- Born: 1927
- Died: September 11, 1999 (aged 71–72)
- Occupation(s): Concert promoter; Organizer; Administrator
- Years active: 1950s–1970s;
- Spouse: Henry Pollar
- Children: 1

= Mary Ann Pollar =

Mary Ann Pollar (1927–1999) was a California-based concert promoter and founder of the Rainbow Sign, a prominent African American cultural center in Berkeley that operated from 1971 to 1977. Later she was also a transit administrator.

==Early life==

Pollar "descended from a family of Baptist preachers".
She was raised first in Texas, near the Mexican border, and at age twelve, she moved with her family to Chicago, where she later attended Roosevelt College, studying labor education.

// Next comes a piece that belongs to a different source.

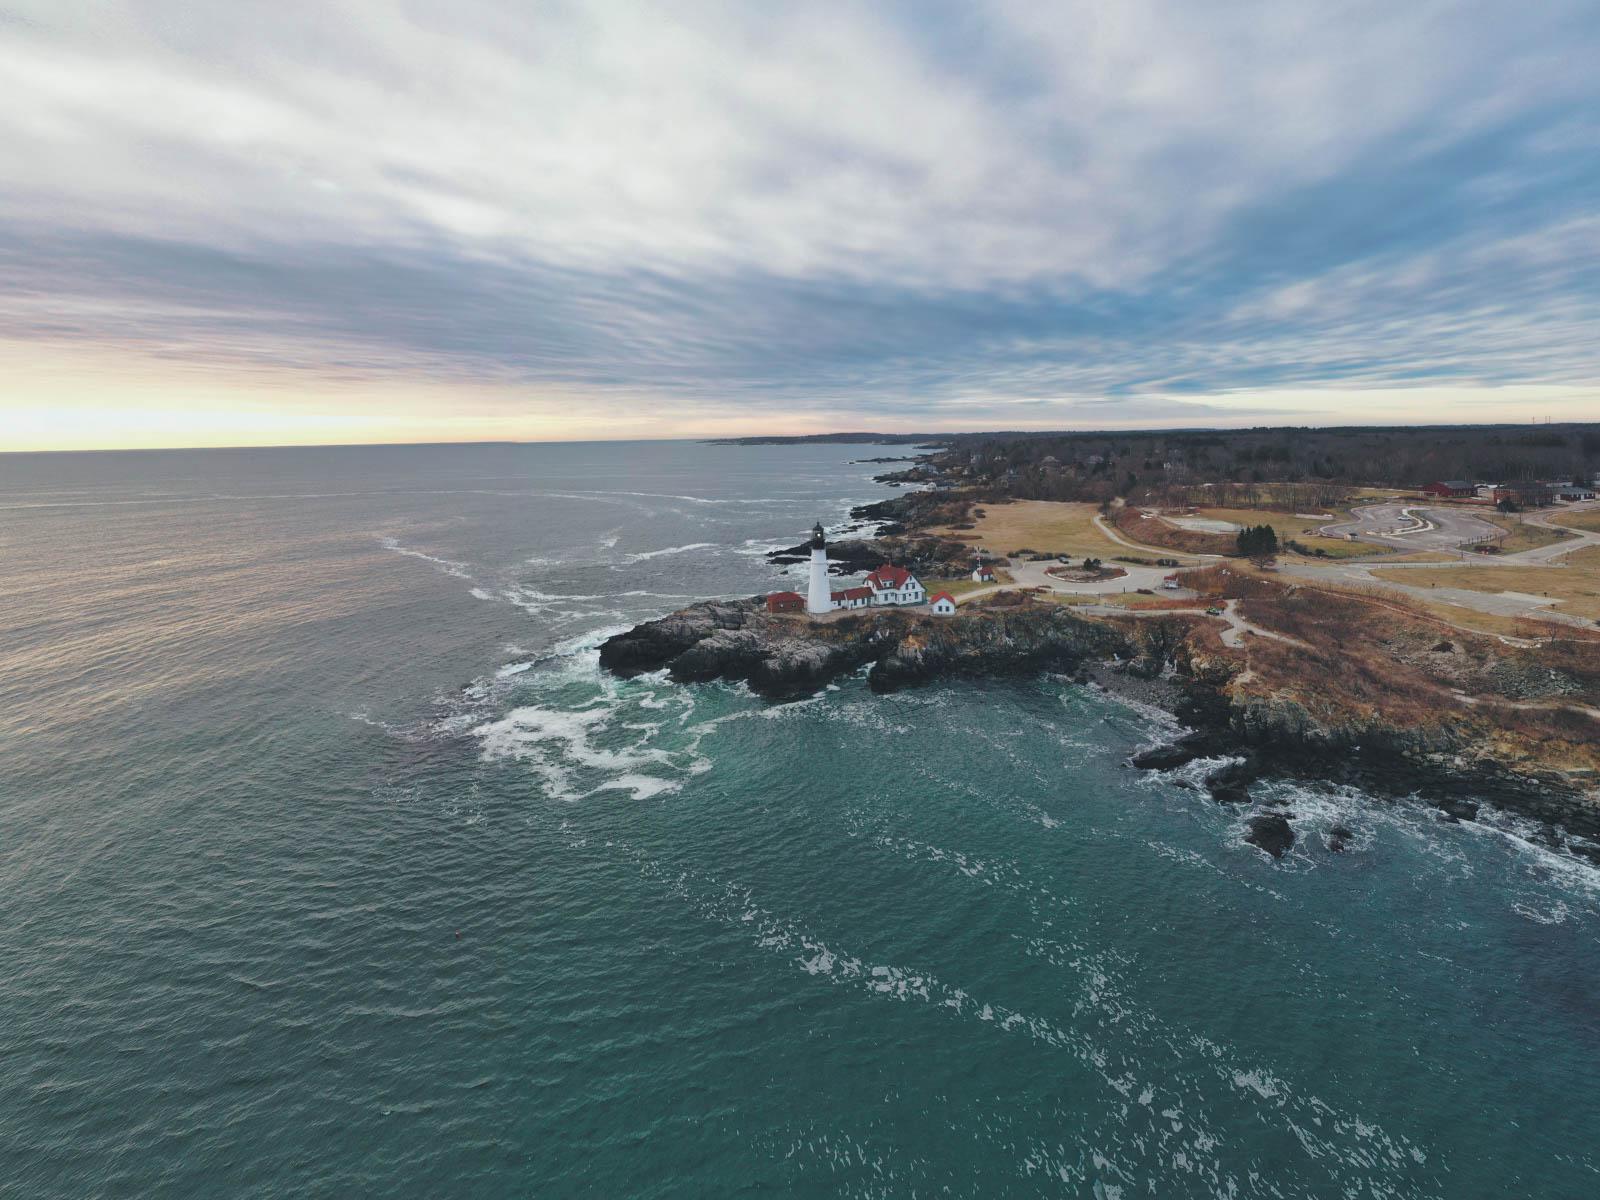 Aerial View of Maine Coastline

Her husband Henry Pollar worked for Bechtel as an engineer.

==Concert promotion==

Pollar began promoting concerts in the 1950s in the San Francisco Bay Area.
Pollar had an enduring friendship with the folk singer Odetta, for whom she named her daughter Odette in 1955.
Rolling Stone reported that Pollar was responsible for Bob Dylan's first appearance on the West Coast, in 1964 at the Berkeley Community Theater.
Odette Pollar reported that before booking Dylan's first West Coast concert, her mother had "turned him down twice, because she'd never heard of him".
As a concert promoter, Pollar booked Odetta, Dylan, and other artists that included Sonny Terry and Brownie McGhee, and many others, many of whom she first introduced to the San Francisco area. A project on historical documentation at the University of California, Berkeley, wrote that

Many rock music fans today are familiar with the names Chet Helms and Bill Graham, but with the exception of a couple of tiny mentions in Dylan biographies, Mary Ann Pollar has remained largely unknown. This is remarkable considering the long roster of now-famous performers who were first introduced to the Bay Area by Pollar. To list only a few: Joan Baez, Judy Collins, The Clancy Brothers, Arlo Guthrie, Curtis Mayfield, Pete Seeger, Peter Paul and Mary, Buffy St. Marie, Simon and Garfunkel, Nina Simone, and Frank Zappa.

==Rainbow Sign==

In 1971 Pollar founded The Rainbow Sign, an African American cultural center that operated from 1971 to 1977 on Berkeley's Grove Street (now known as Martin Luther King Jr. Way). Slate described Rainbow Sign as having been "brainstormed into existence" by Pollar. She took the center's name from the verse of the spiritual Mary Don't You Weep ("God gave Noah the rainbow sign, no more water the fire next time!"), a verse also alluded to by James Baldwin in his book The Fire Next Time (1963). Pollar "envisioned an art gallery, cultural center, meeting place, and restaurant," and "as a concept and organization, the cultural center was meant to exist as a bridge across all borders—ethnic, national and political. Rainbow Sign concerned itself with sustaining and strengthening the diversity essential to any viable movement toward the liberation of all people."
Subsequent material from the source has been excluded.